A literature search of MEDLINE, EMBASE, and CINAHL databases using relevant keywords revealed 5506 studies. After appropriate screening of titles, abstracts, and full studies, seven studies were analyzed.
Three studies investigated rates of frozen shoulder among relatives. One study (n = 1828 twin pairs) showed an 11.6% prevalence in twin pairs and demonstrated a heritability of 42% for frozen shoulder after adjusting for age. A second study (n = 273) showed that 20% of patients with frozen shoulder had a positive family history involving a first-degree relative. The relative risk of frozen shoulder was 4:1 when all patients with frozen shoulder were compared with a control population. A third study (n = 87) showed that 29% of patients with frozen shoulder had a first-degree relative with frozen shoulder. Two studies evaluated racial predilection for frozen shoulder. One study (n = 50) reported a substantially higher number of white patients (76%) with frozen shoulder than black patients (24%). A second study (n = 87) showed that being born or having parents or grandparents born in the British Isles were risk factors for frozen shoulder. Four immunological studies investigated human leukocyte antigen (HLA)-B27 as a risk factor for frozen shoulder. Meta-analysis of two of these studies with clearly defined controls showed significantly higher rates of HLA-B27 positivity in patients with frozen shoulder as compared with controls (p < 0.001).
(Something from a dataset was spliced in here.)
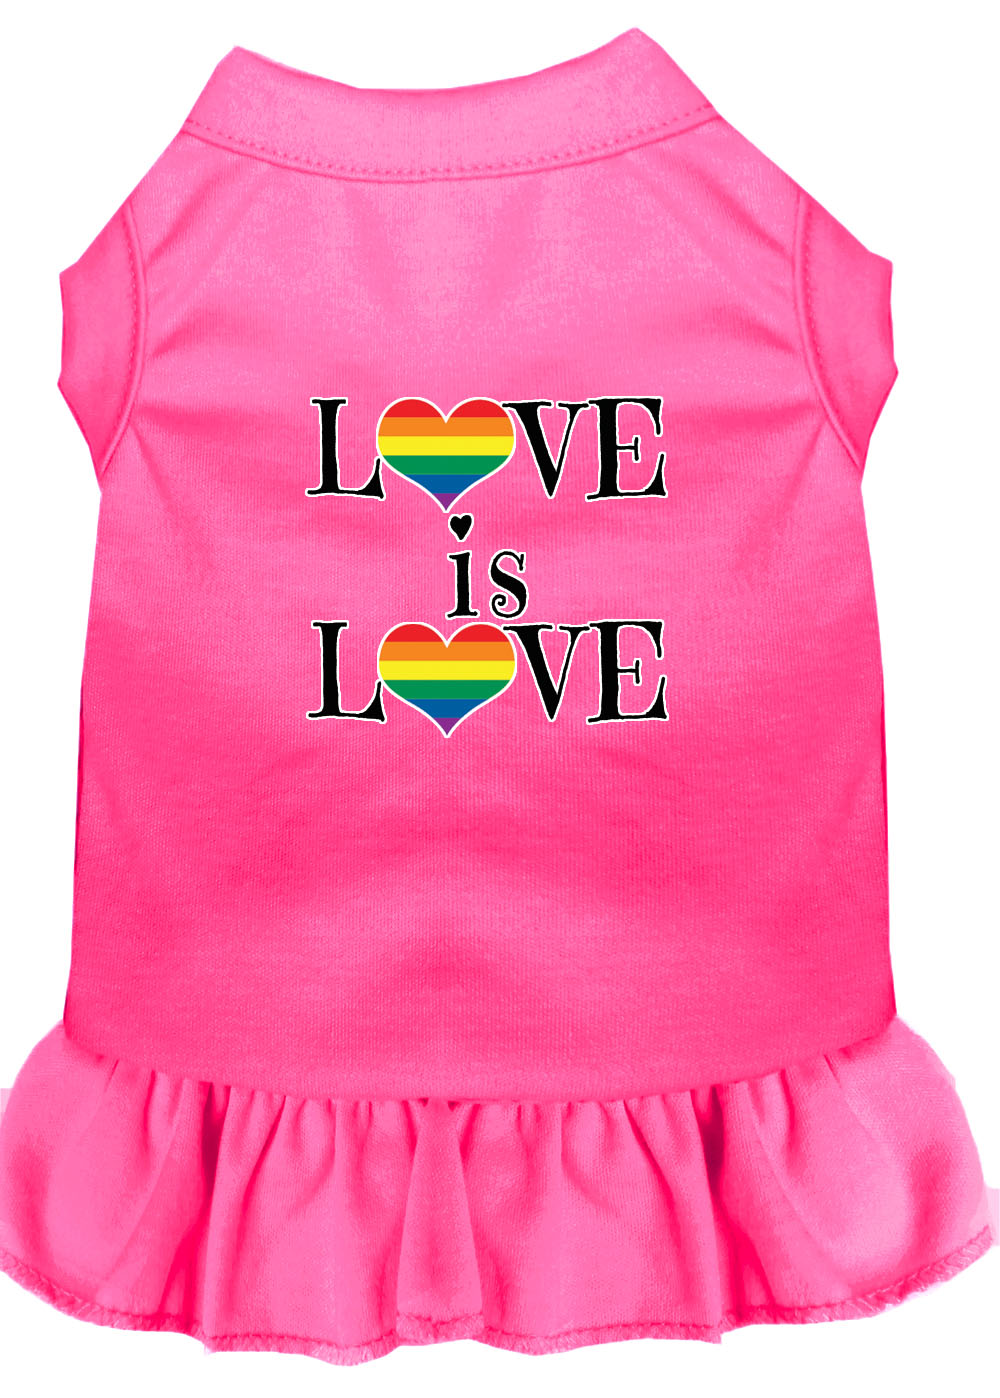 Love is Love Screen Print Dog Dress Bright Pink Sm

The limited evidence points toward a genetic link to frozen shoulder. We used family history and racial predilection as markers for genetic association, both of which indicated the presence of a genetic predisposition to frozen shoulder. However, as there is a lack of unbiased genetic approaches, there is an opportunity for genome-wide association studies to address definitively the molecular genetics of frozen shoulder. Such studies may eventually lead to a better understanding of the pathogenesis of frozen shoulder and the development of novel therapeutic interventions.
Prognostic Level IV. See Instructions for Authors for a complete description of levels of evidence.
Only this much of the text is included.